- Problem:
Would you repeat the listing exactly, without any of its images?

- Provided material:

/---

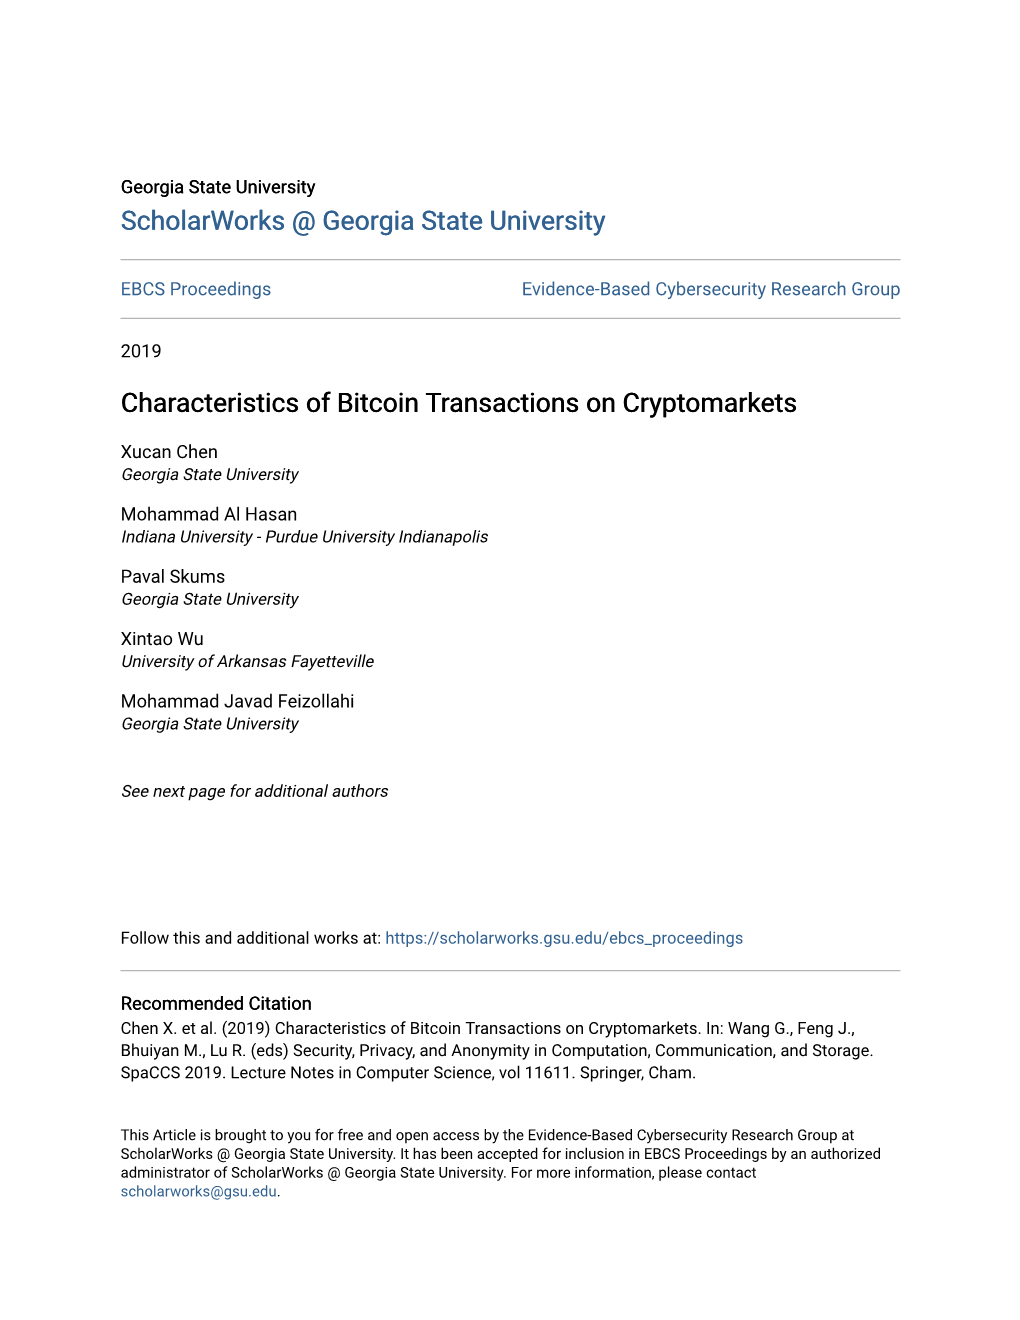 Characteristics of Bitcoin Transactions on Cryptomarkets
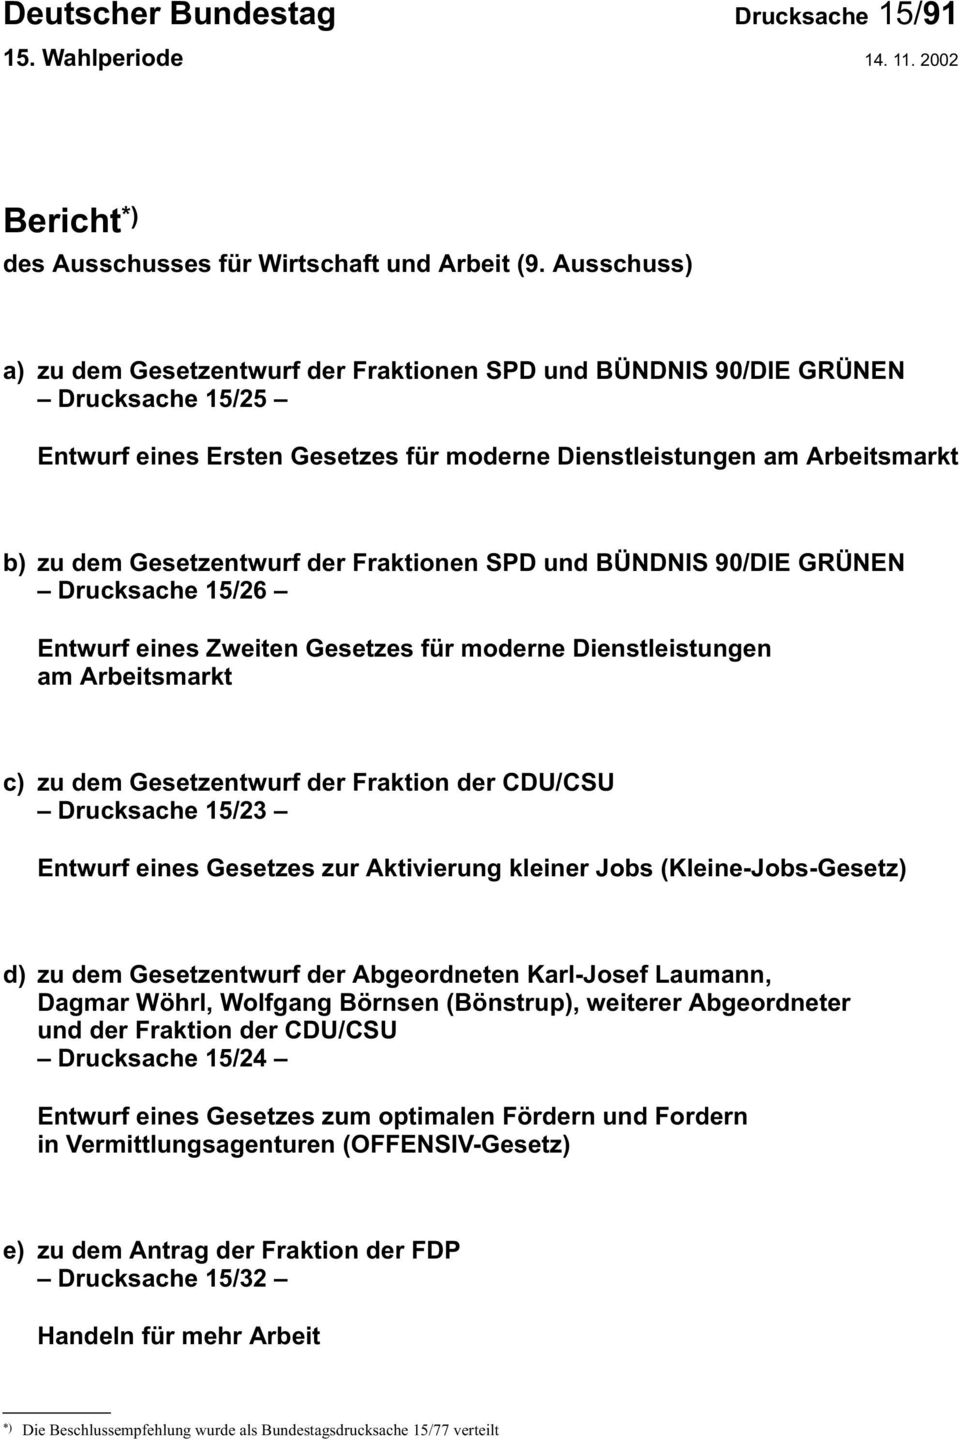 Fraktionen SPD und BÜNDNIS 90/DIE GRÜNEN Drucksache 15/26 Entwurf eines Zweiten Gesetzes für moderne Dienstleistungen am Arbeitsmarkt c) zu dem Gesetzentwurf der Fraktion der CDU/CSU Drucksache 15/23
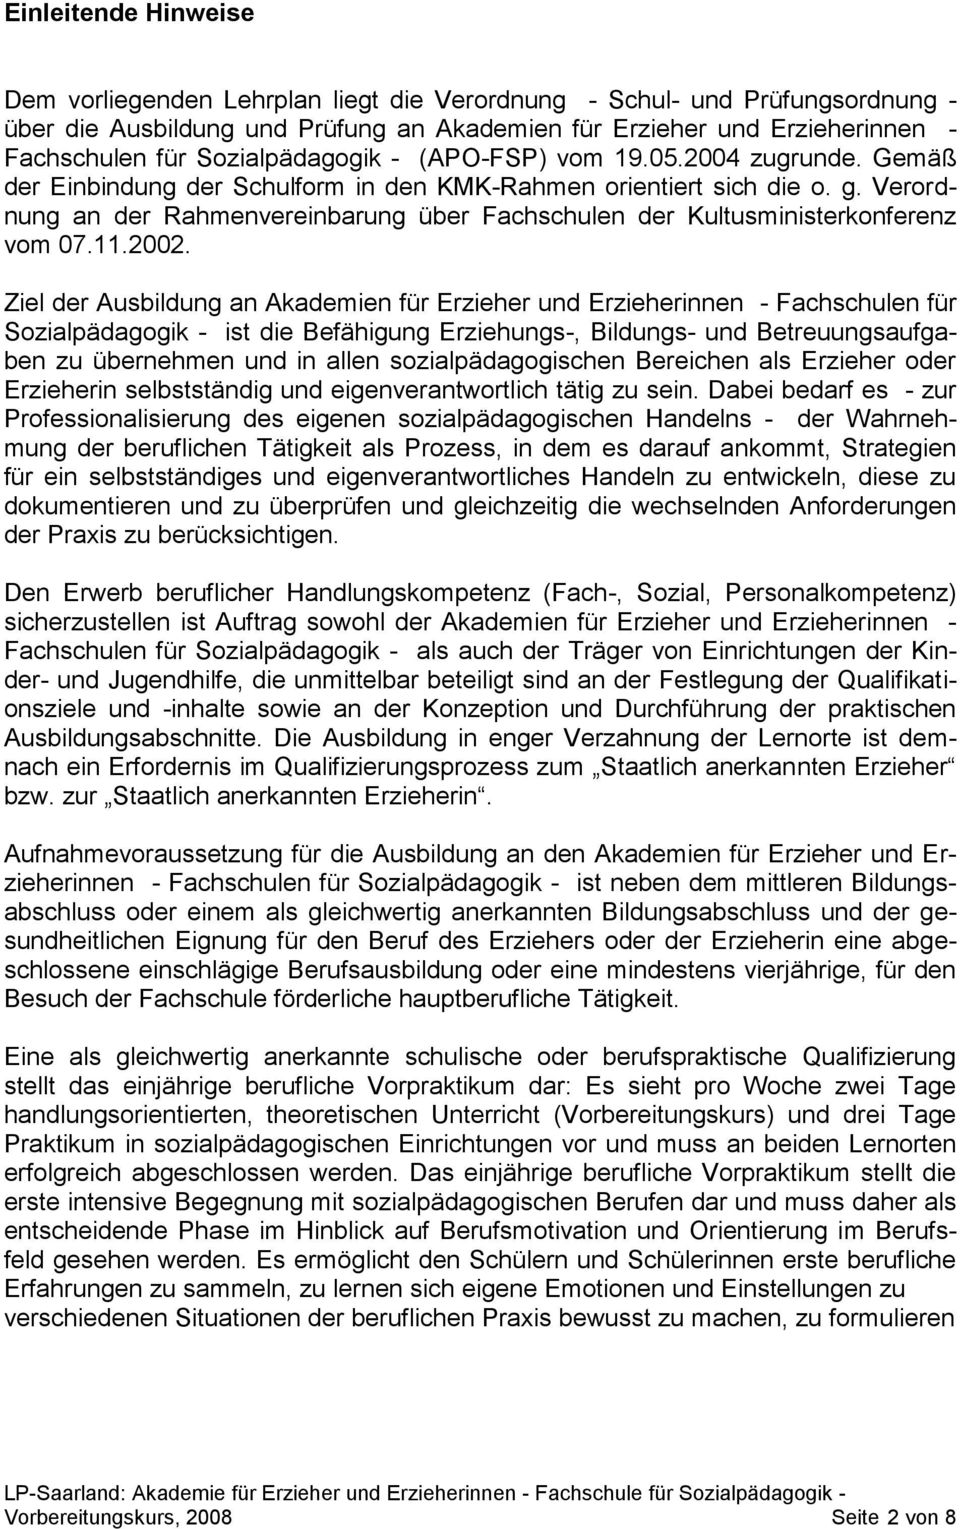 Verordnung an der Rahmenvereinbarung über Fachschulen der Kultusministerkonferenz vom 07.11.2002.

\---

- Worked solution:
 Characteristics of Bitcoin Transactions on Cryptomarkets
 Fraktionen SPD und BÜNDNIS 90/DIE GRÜNEN Drucksache 15/26 Entwurf eines Zweiten Gesetzes für moderne Dienstleistungen am Arbeitsmarkt c) zu dem Gesetzentwurf der Fraktion der CDU/CSU Drucksache 15/23
 Verordnung an der Rahmenvereinbarung über Fachschulen der Kultusministerkonferenz vom 07.11.2002.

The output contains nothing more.